═══ GIVEN INFORMATION ═══
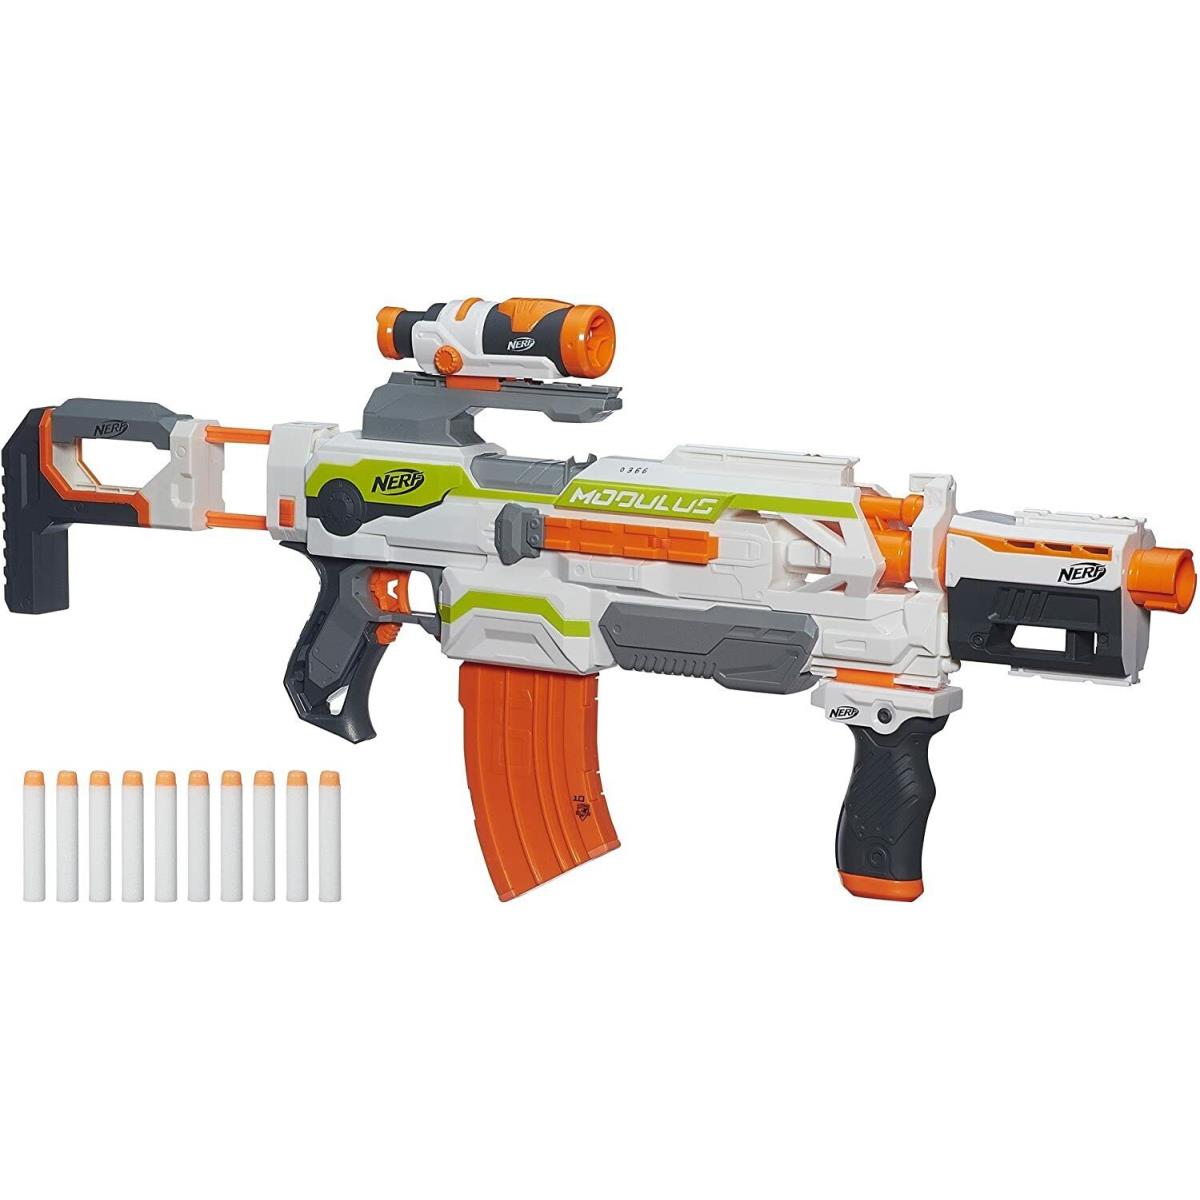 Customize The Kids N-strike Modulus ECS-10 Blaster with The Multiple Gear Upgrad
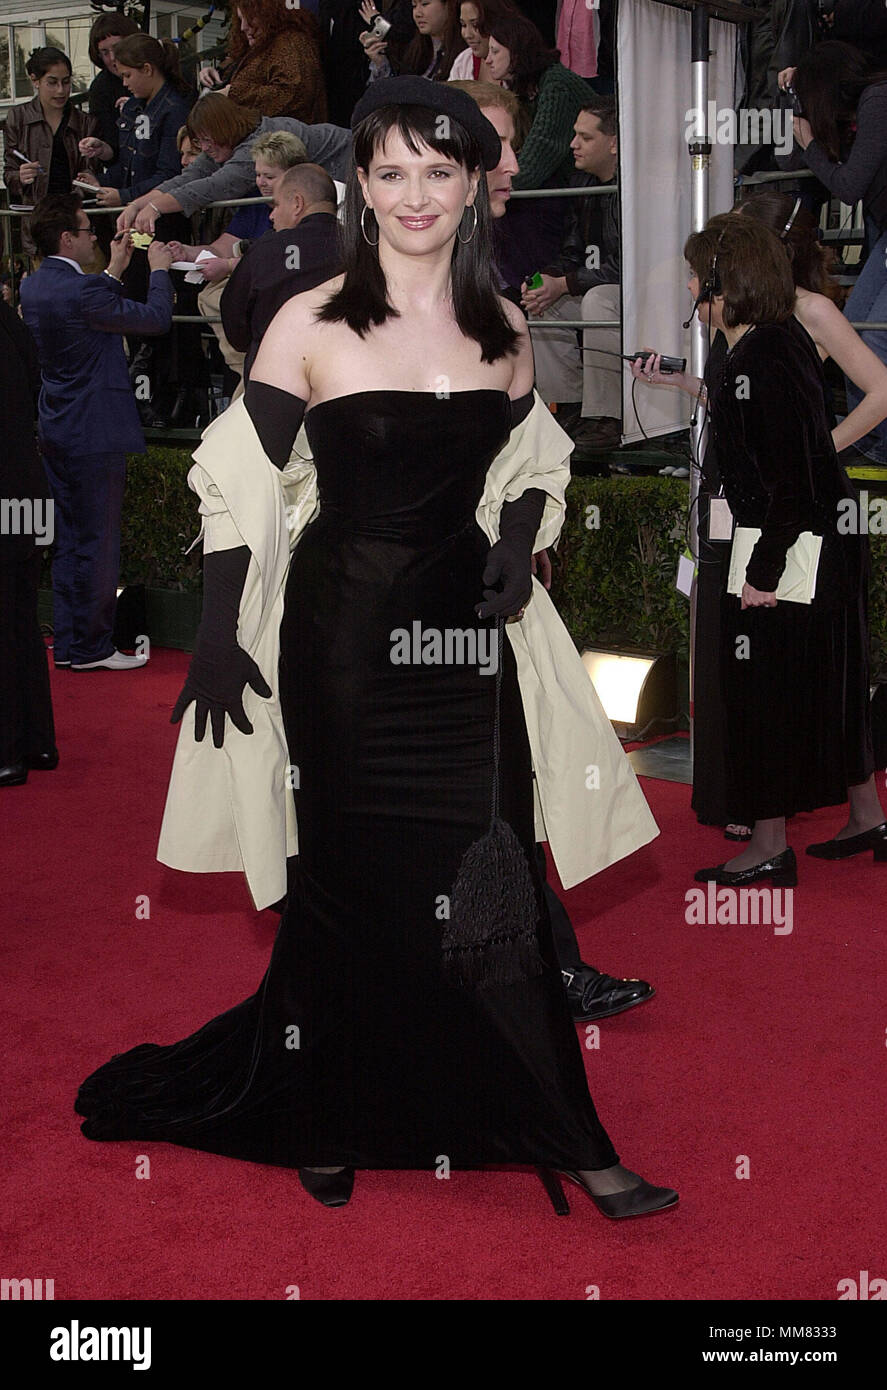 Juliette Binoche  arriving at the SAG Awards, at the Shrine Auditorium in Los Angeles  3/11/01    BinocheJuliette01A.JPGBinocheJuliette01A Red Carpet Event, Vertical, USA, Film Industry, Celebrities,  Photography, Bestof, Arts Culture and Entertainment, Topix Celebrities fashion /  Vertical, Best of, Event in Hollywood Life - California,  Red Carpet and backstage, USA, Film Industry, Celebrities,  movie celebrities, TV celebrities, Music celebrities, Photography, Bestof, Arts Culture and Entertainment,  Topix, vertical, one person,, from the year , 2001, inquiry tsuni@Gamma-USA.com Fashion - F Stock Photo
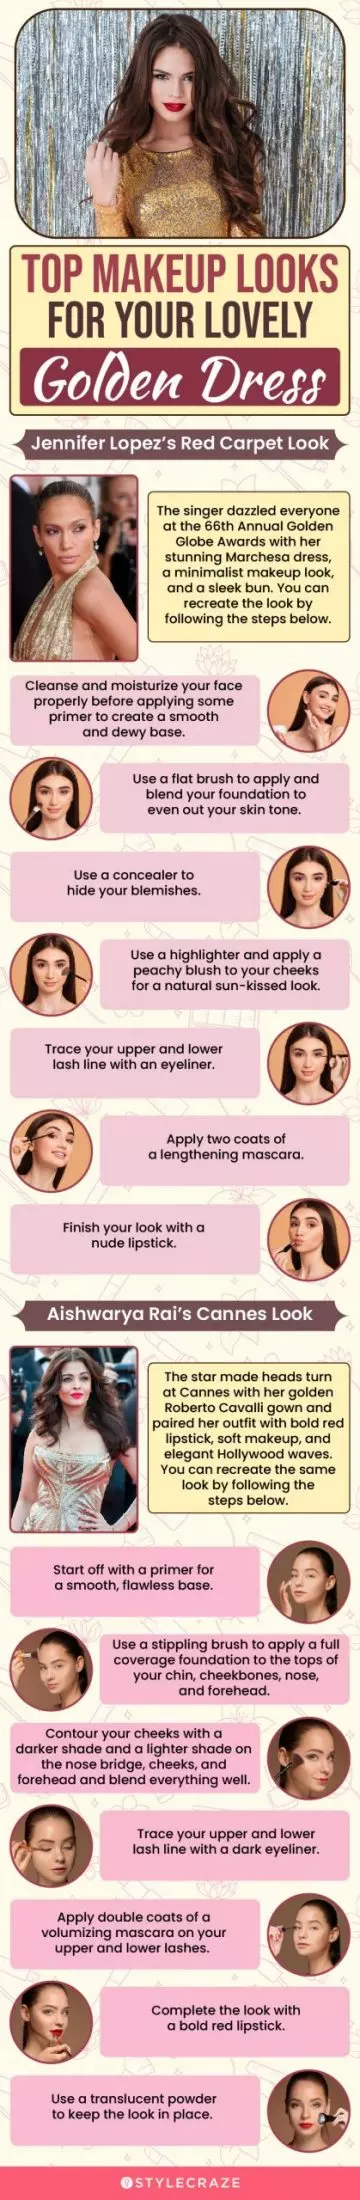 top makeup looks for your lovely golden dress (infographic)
═══
Where the data includes pictures, leave them out and write out everything else exactly.

RESPONSE:
 Customize The Kids N-strike Modulus ECS-10 Blaster with The Multiple Gear Upgrad
 Juliette Binoche  arriving at the SAG Awards, at the Shrine Auditorium in Los Angeles  3/11/01    BinocheJuliette01A.JPGBinocheJuliette01A Red Carpet Event, Vertical, USA, Film Industry, Celebrities,  Photography, Bestof, Arts Culture and Entertainment, Topix Celebrities fashion /  Vertical, Best of, Event in Hollywood Life - California,  Red Carpet and backstage, USA, Film Industry, Celebrities,  movie celebrities, TV celebrities, Music celebrities, Photography, Bestof, Arts Culture and Entertainment,  Topix, vertical, one person,, from the year , 2001, inquiry tsuni@Gamma-USA.com Fashion - F Stock Photo
 top makeup looks for your lovely golden dress (infographic)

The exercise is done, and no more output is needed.